China’s offshore renminbi, which trades freely, slid 0.5 per cent to Rmb7.3571 a dollar on Monday morning.
The steep declines got here after Trump on Saturday imposed 25 per cent tariffs on all imports from Mexico and Canada, with a lower 10 per cent levy for Canadian energy, and recent 10 per cent tariffs on imports from China.
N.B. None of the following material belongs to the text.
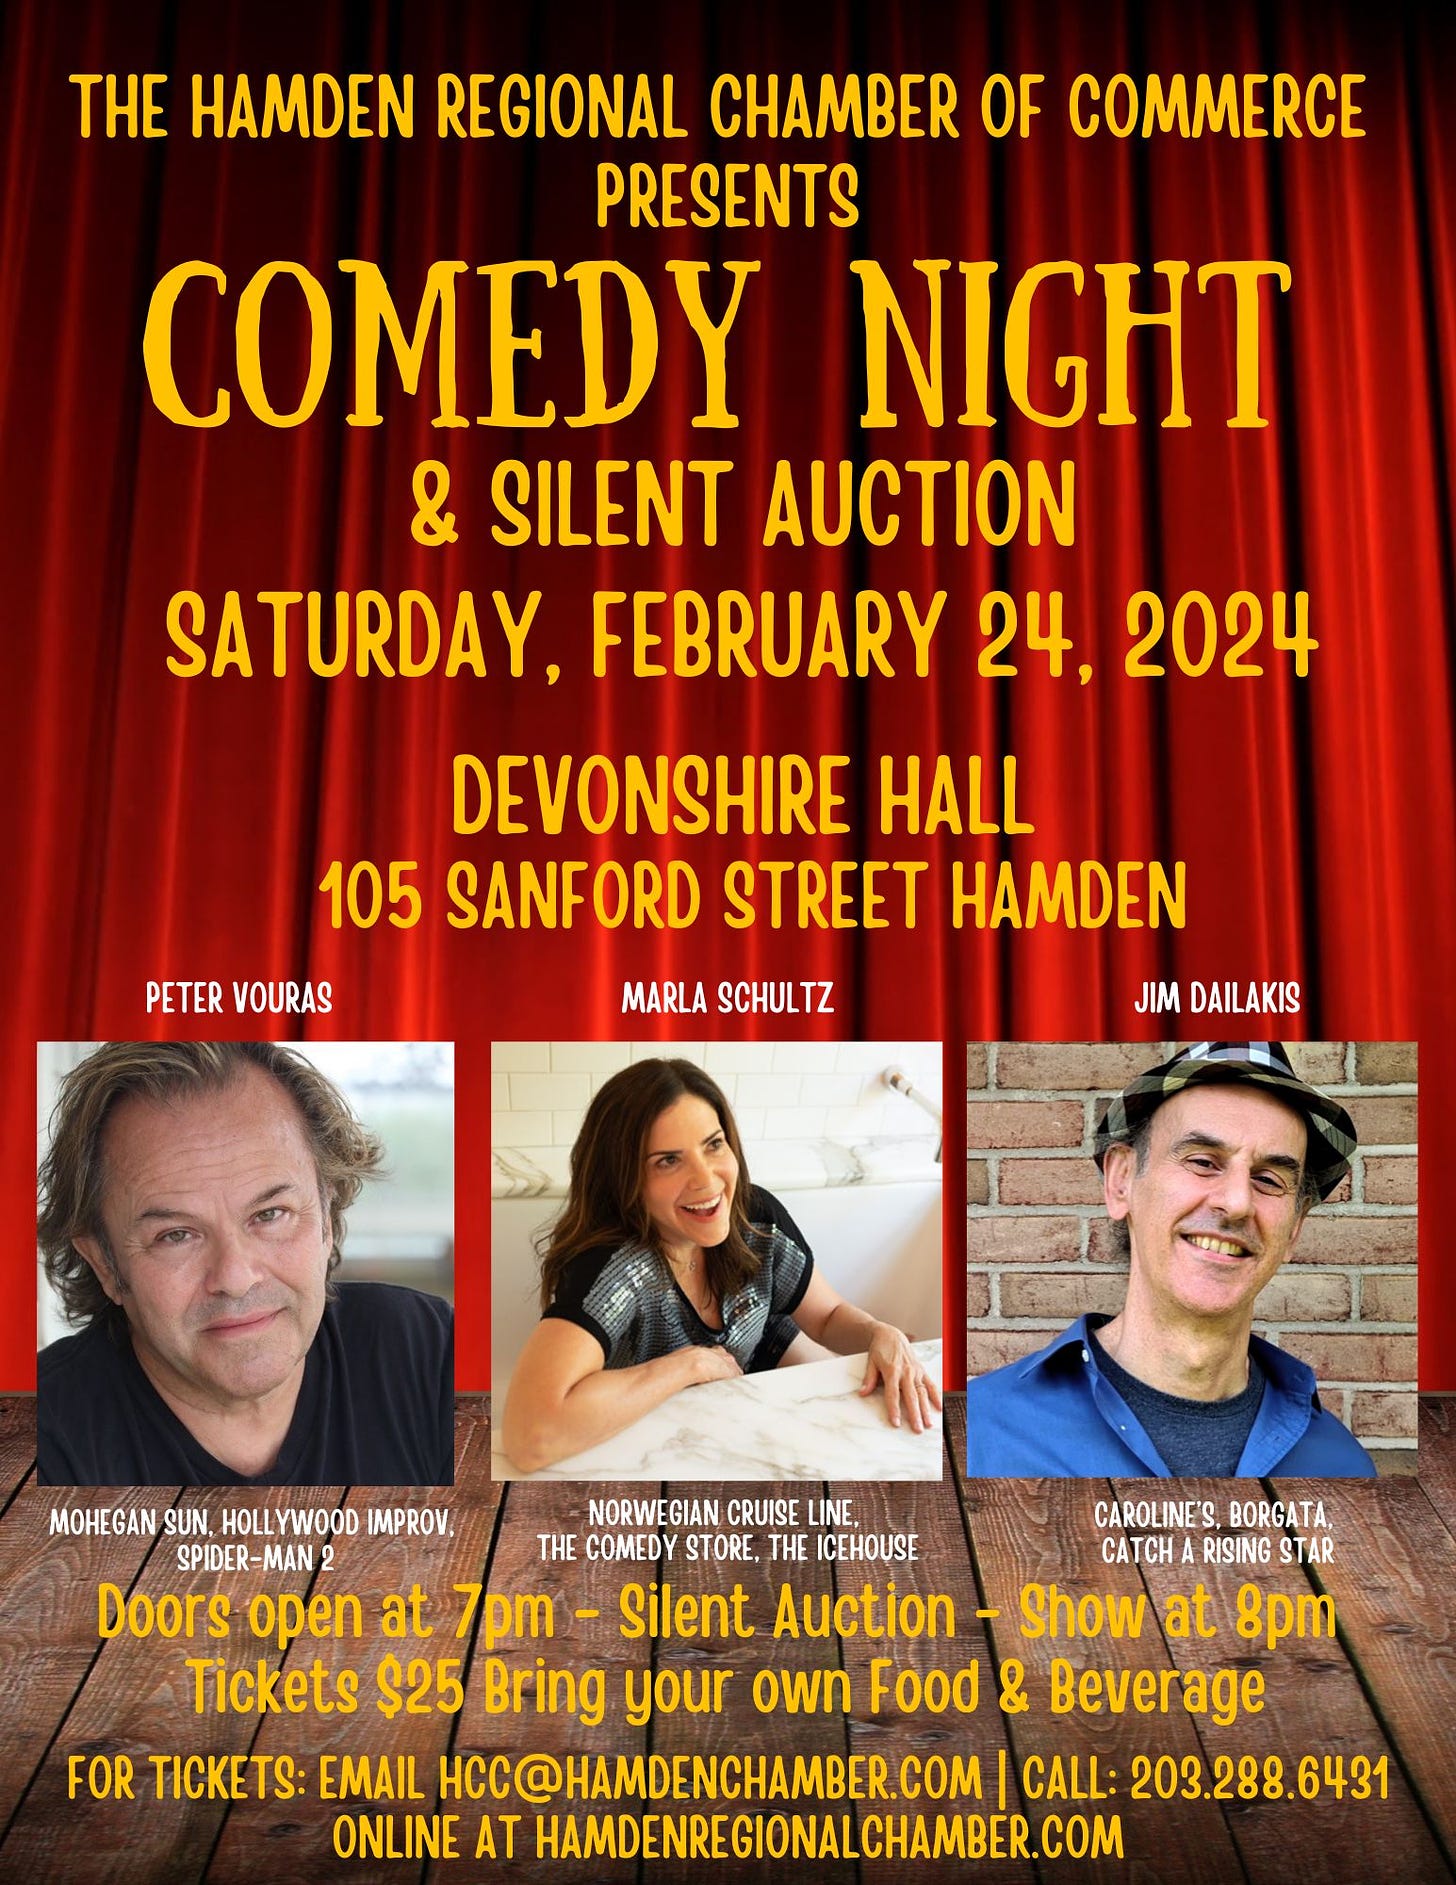 May be an image of 3 people and text that says 'THE HAMDEN REGIONAL CHAMBER OF COMMERCE PRESENTS COMEDY NIGHT & SILENT AUCTION SATURDAY, FEBRUARY 24, 2024 DEVONSHIRE HALL 105 SANFORD STREET HAMDEN PETER PETERVOURAS VOURAS MARLA SCHULTZ JIM DAILAKIS MOHEGAN SUN. HOLLYWOOD IMPROV, NORWEGIAN CRUISE LINE, CAROLINE'S, BORGATA, SPIDER-MA MAN 2 THE COMEDY STORE, THE ICEHOUSE CATCH RISING STAR Doors open at 7pm- Silent Auction Show at 8pm Tickets $25 Bring your own Food & Beverage FOR TICKETS: EMAIL HCC@HAMDENCHAMBER.COM CALL: 203.288.6431 ONLINE AT HAMDENREGIONALCHAMBER.COM'

He also last week threatened levies against the EU.
Economists have warned that the tariffs are prone to speed up inflation within the US, something that pushed up Treasury yields and the dollar following Trump’s election in November.
“The clearest implication is a stronger dollar,” said Eric Winograd, chief economist at AllianceBernstein. “An extended dollar position is the cleanest, clearest expression of the trade war that’s now being launched.”
“The currencies that can suffer essentially the most are those against whom the tariffs are being imposed,” added Winograd, noting that “there’s a superb case to be made that the equity market will suffer slightly bit”.
Oil prices also climbed in early Asian trade, with international benchmark Brent crude up 1 per cent at $76.46 a barrel.
George Saravelos at Deutsche Bank said the tariff announcements were “at essentially the most hawkish end of the protectionist spectrum we could have envisaged”, and that markets needed to “structurally and significantly reprice the trade war risk premium”.
The Mexican peso has whipsawed in recent weeks as traders have scrutinised the brand new Trump administration’s announcements for clues about how quickly and the way extensive any recent levies can be.
“If the tariff stays on for several months the exchange rate will reach recent historic highs,” said Gabriela Siller, chief economist at Mexico’s Banco Base, referring to the variety of pesos per dollar. “If the tariff stays on it’s going to be a structural change for Mexico . . . and Mexico could go right into a profound recession that might take years to return out of.”
By comparison, BBVA Mexico analysts said they thought it was unlikely the tariffs would last long. Nevertheless, in the event that they did remain in place, he said they’d have a “very negative” impact on investment in Mexico and its competitiveness.